BEGIN
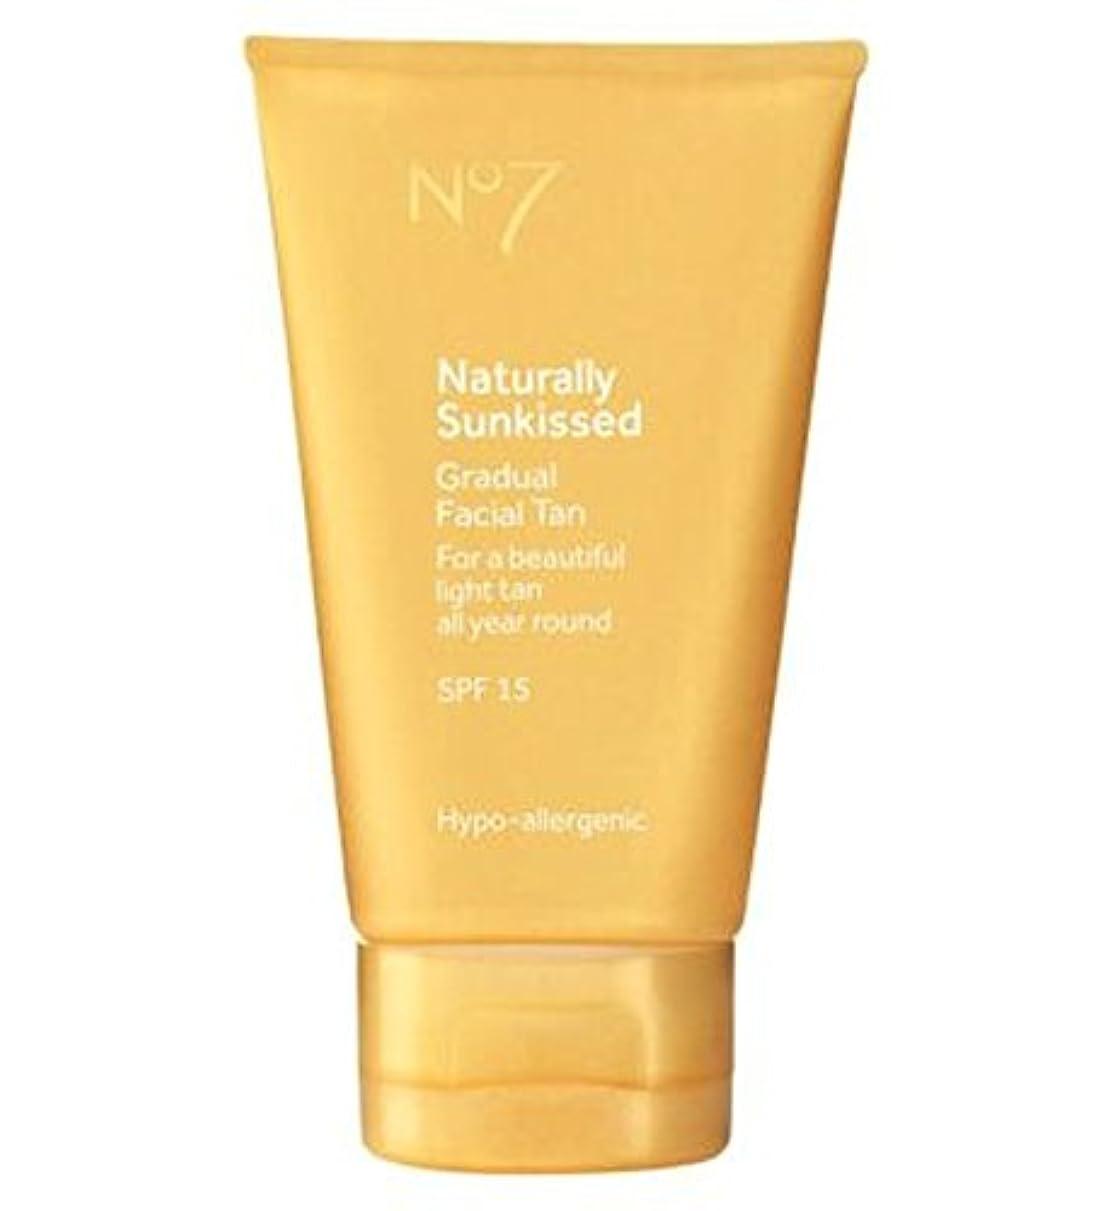 しないでください休日破産No7は自然に太陽が緩やかな顔日焼けSp15にキスをしました (No7) (x2) - No7 Naturally Sun Kissed Gradual Face Tan SP15 (Pack of 2) [並行輸入品]
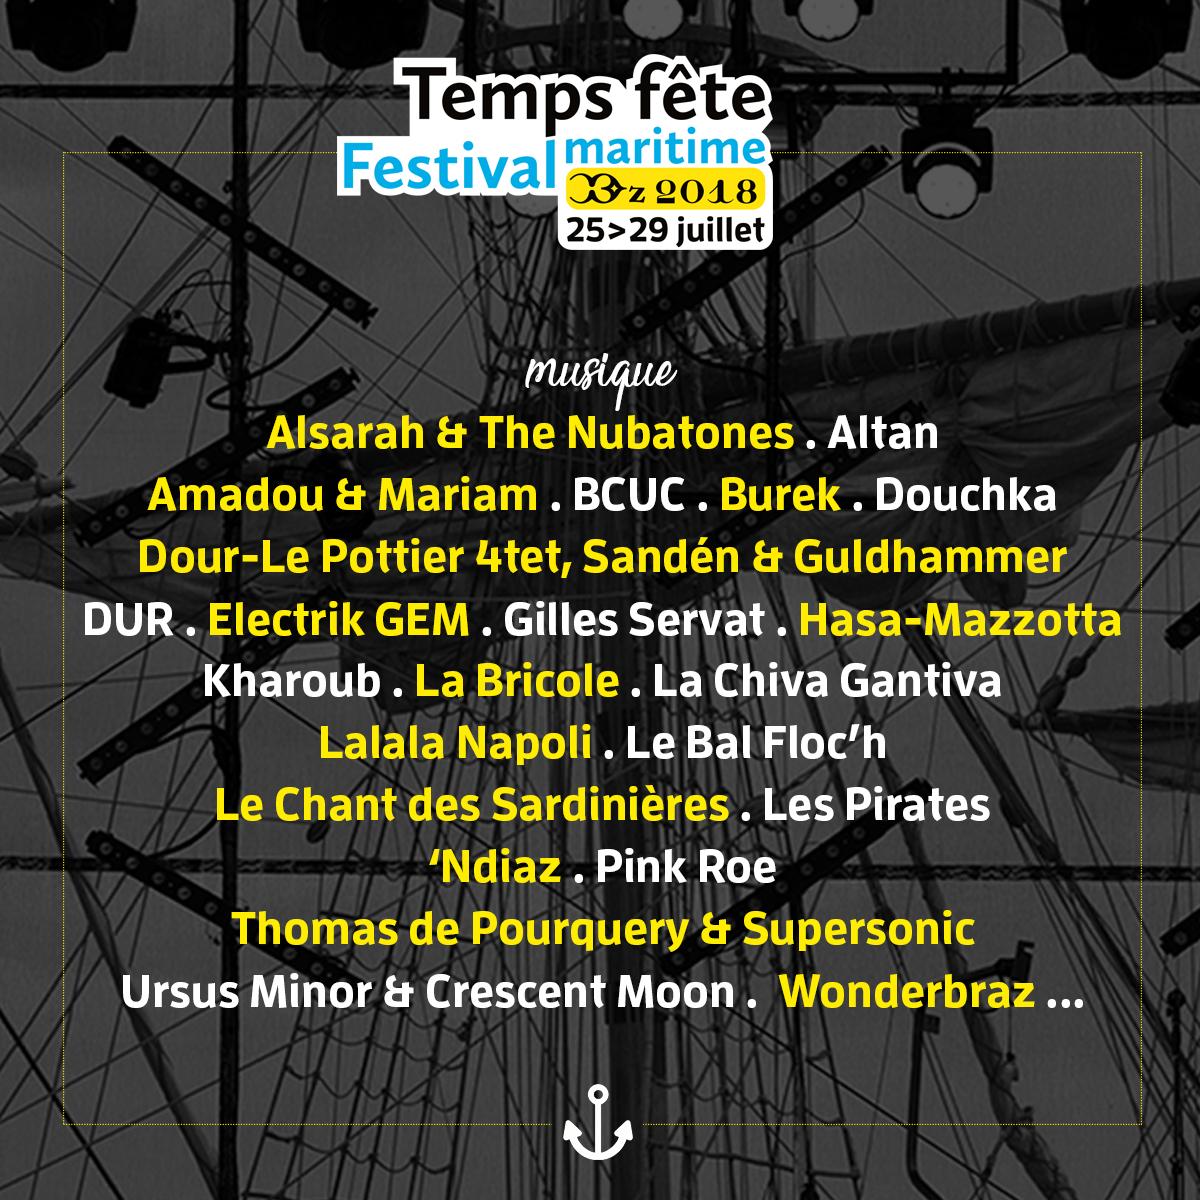 Programmation musicale Temps fête 2018, Douarnenez, festival
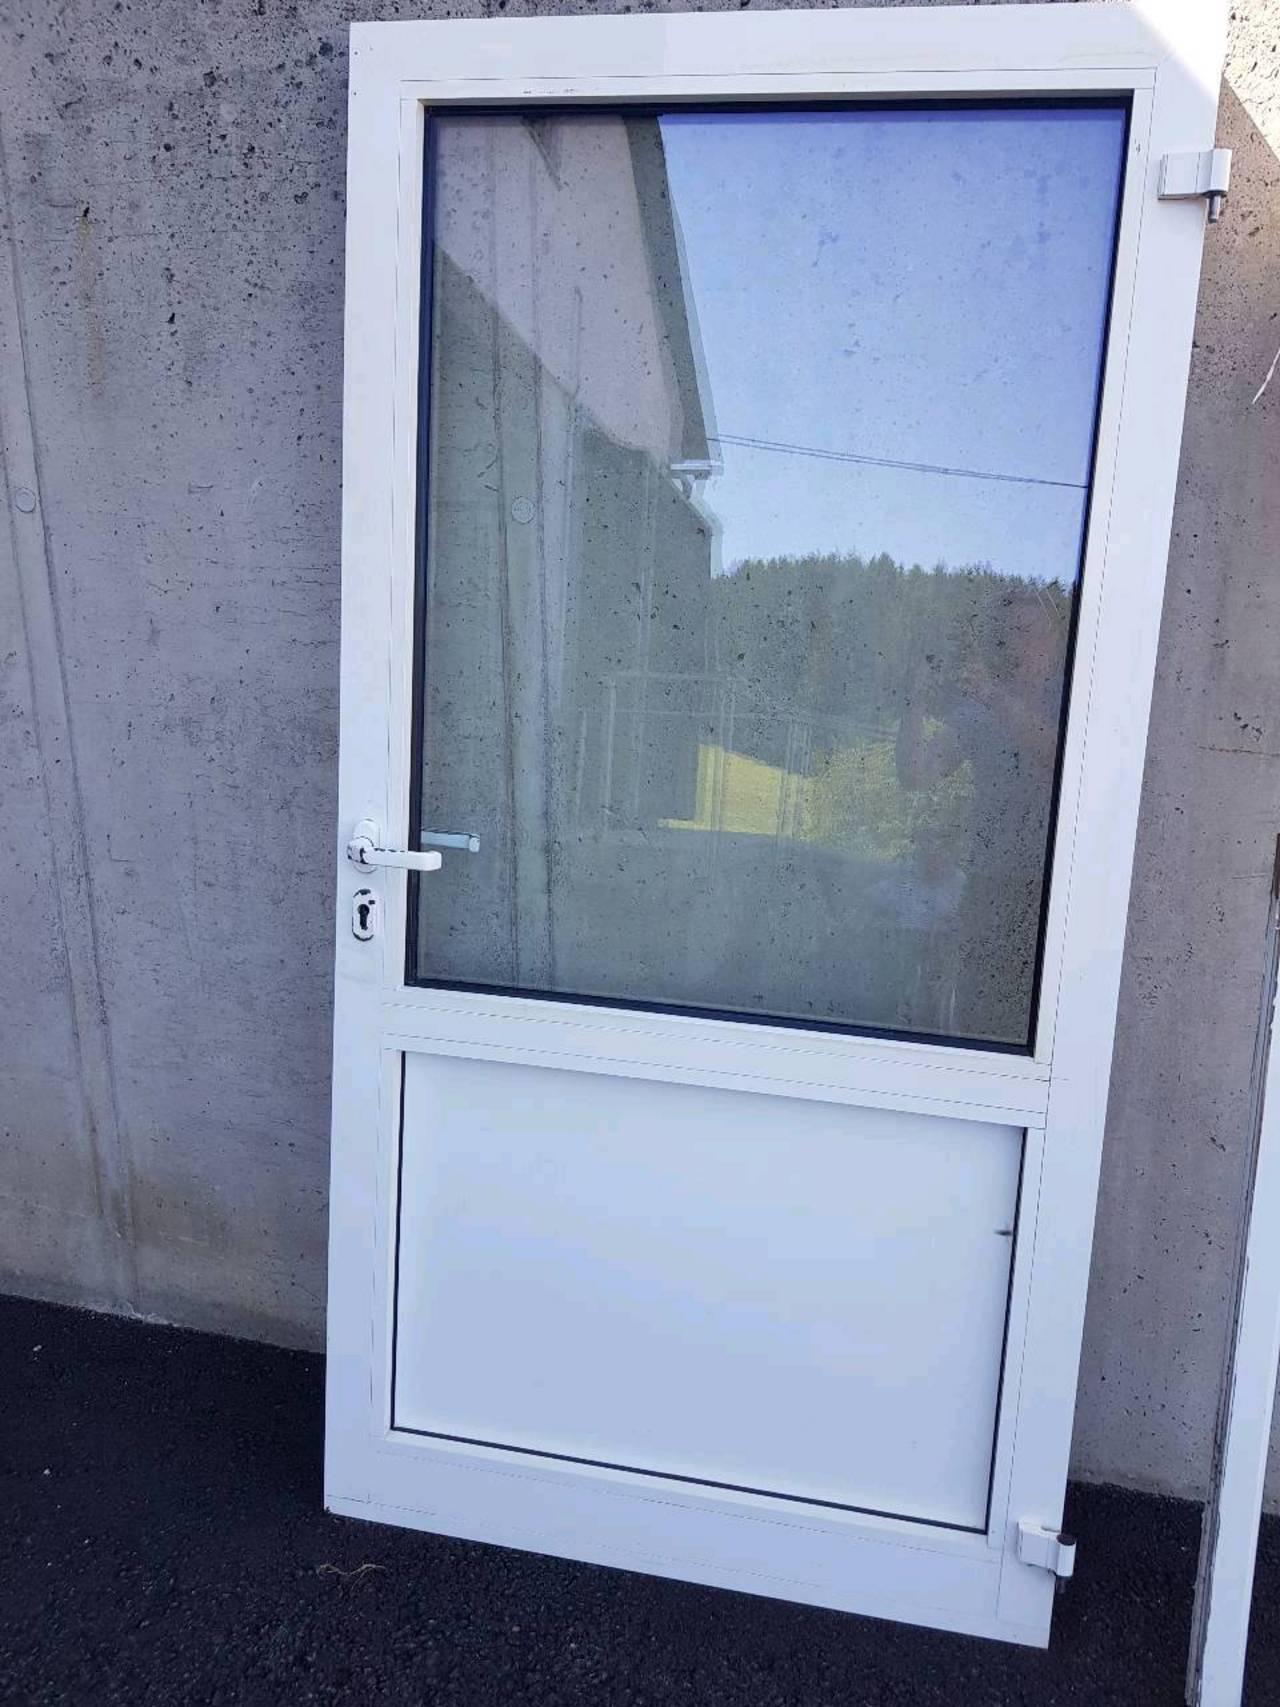 Super Gebrauchte Fenster und Türen kaufen - auf www.landwirt.com #IP_52
END
→ **WHAT IS NEEDED**:
With the pictures left out, return the listing above exactly as it stands.

→ **RESPONSE BELOW**:
 しないでください休日破産No7は自然に太陽が緩やかな顔日焼けSp15にキスをしました (No7) (x2) - No7 Naturally Sun Kissed Gradual Face Tan SP15 (Pack of 2) [並行輸入品]
 Programmation musicale Temps fête 2018, Douarnenez, festival
 Super Gebrauchte Fenster und Türen kaufen - auf www.landwirt.com #IP_52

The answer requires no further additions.